Data shown START

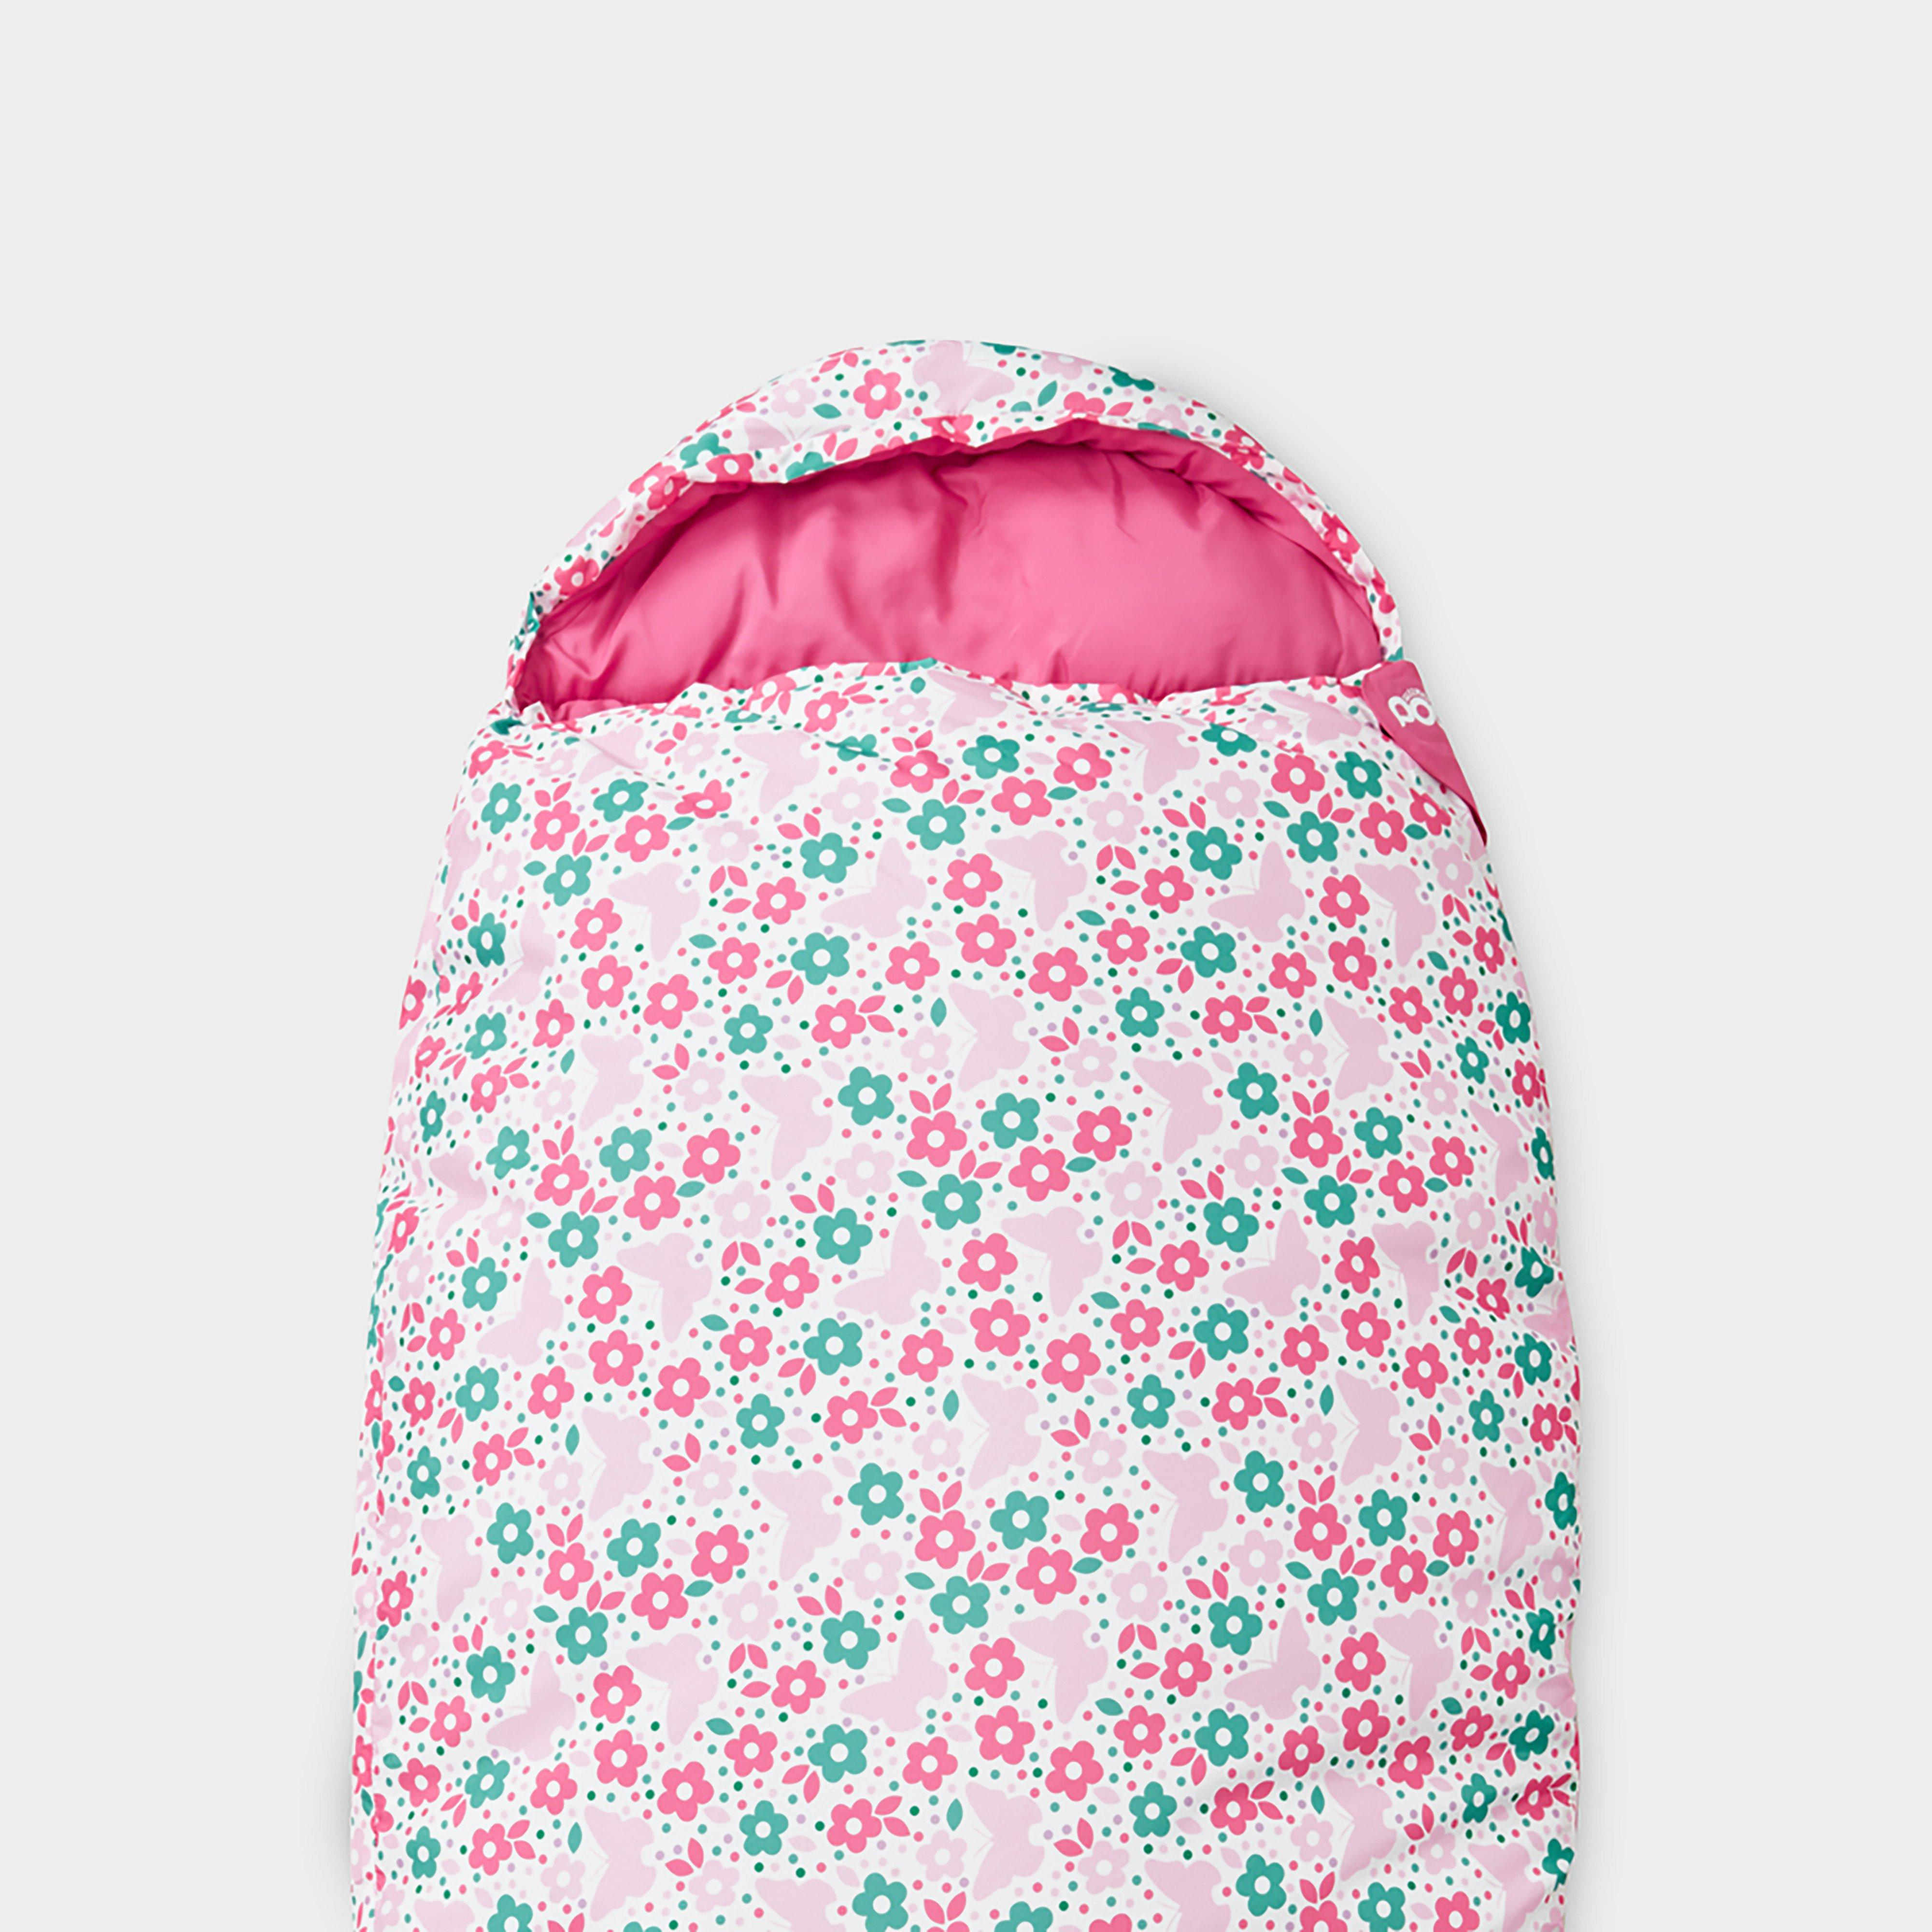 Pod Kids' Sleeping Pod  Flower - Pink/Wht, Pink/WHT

Data shown END
Data shown START

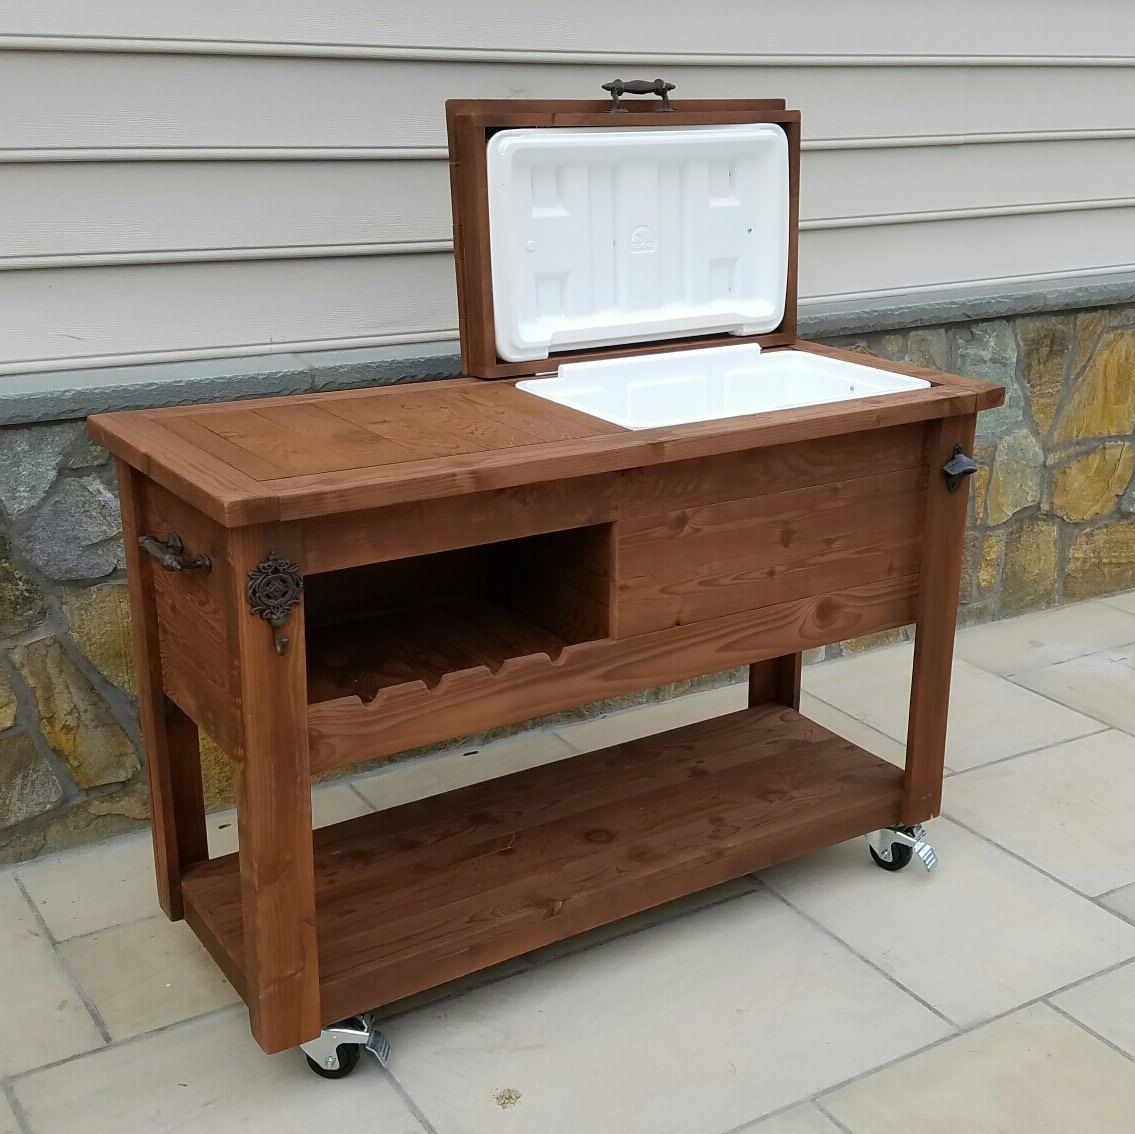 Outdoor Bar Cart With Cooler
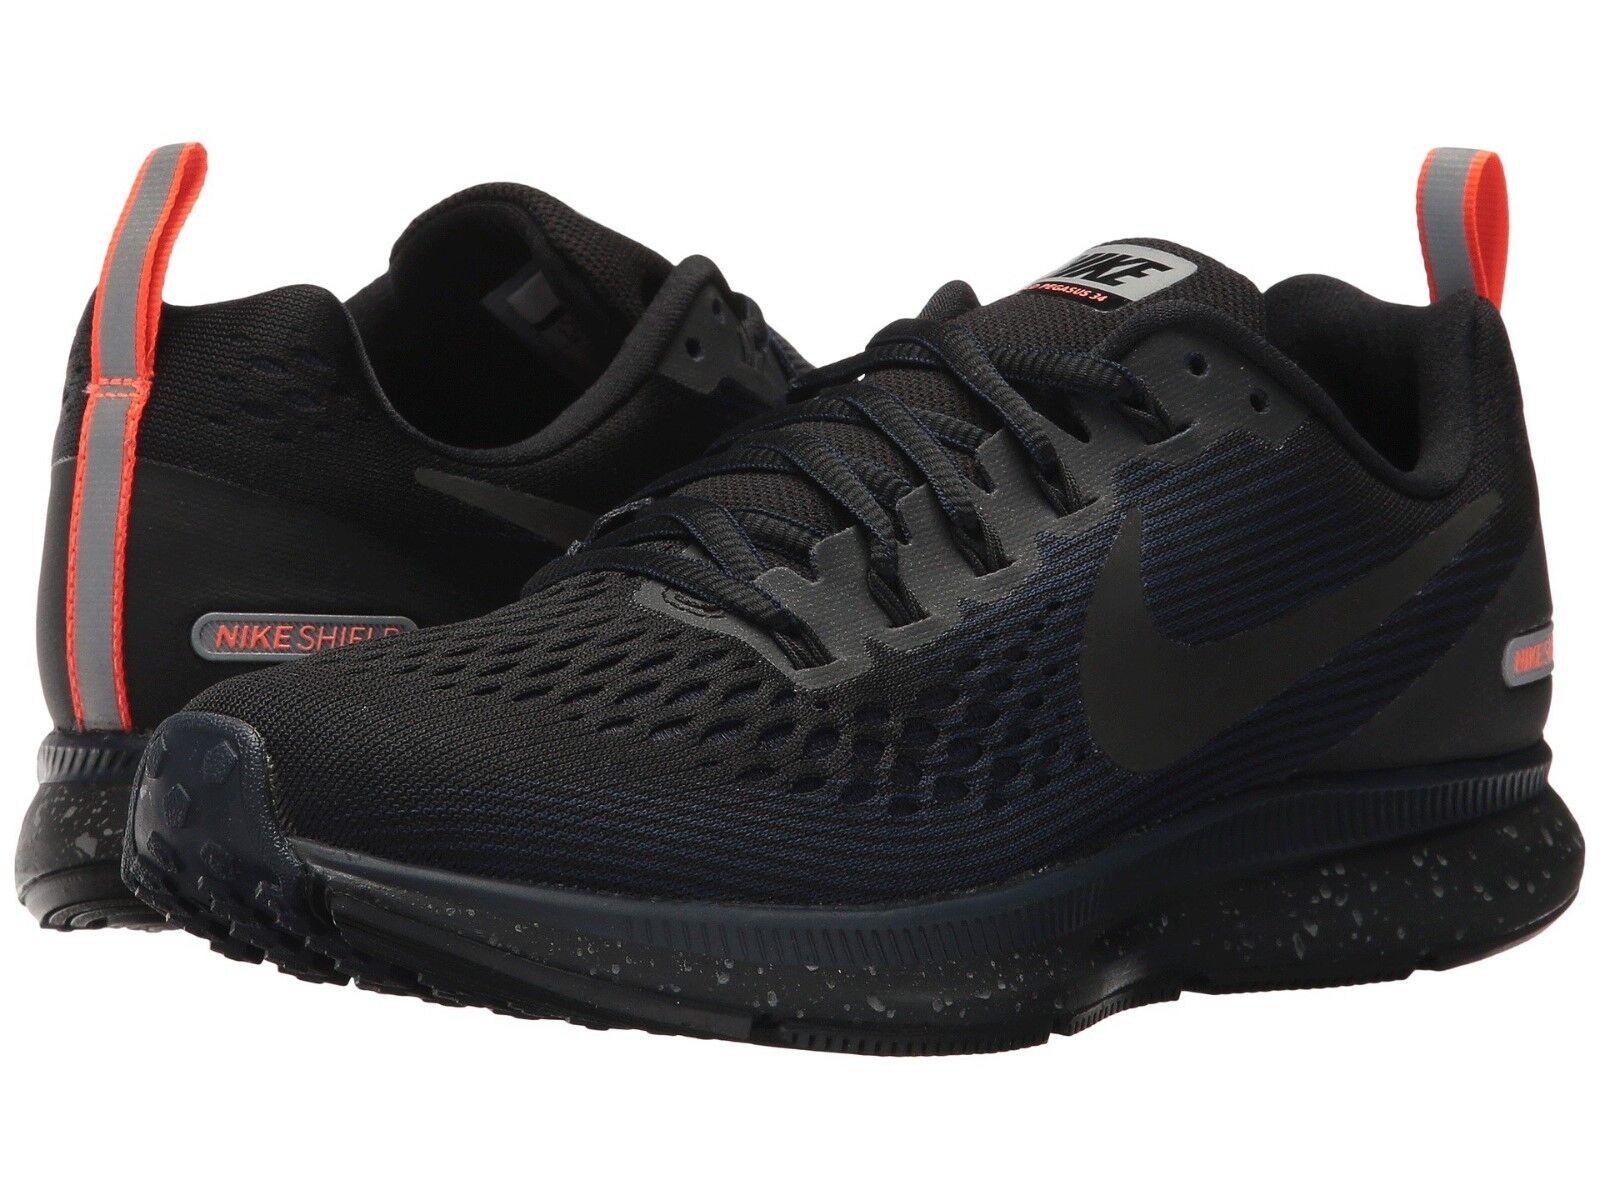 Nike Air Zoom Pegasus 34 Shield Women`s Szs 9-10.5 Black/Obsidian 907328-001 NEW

Data shown END

Once the line with "Outdoor Bar Cart With Cooler" is found in the data above, reproduce it and each line after it exactly, through the line with "Nike Air Zoom". Omit the pictures.

 Outdoor Bar Cart With Cooler
 Nike Air Zoom Pegasus 34 Shield Women`s Szs 9-10.5 Black/Obsidian 907328-001 NEW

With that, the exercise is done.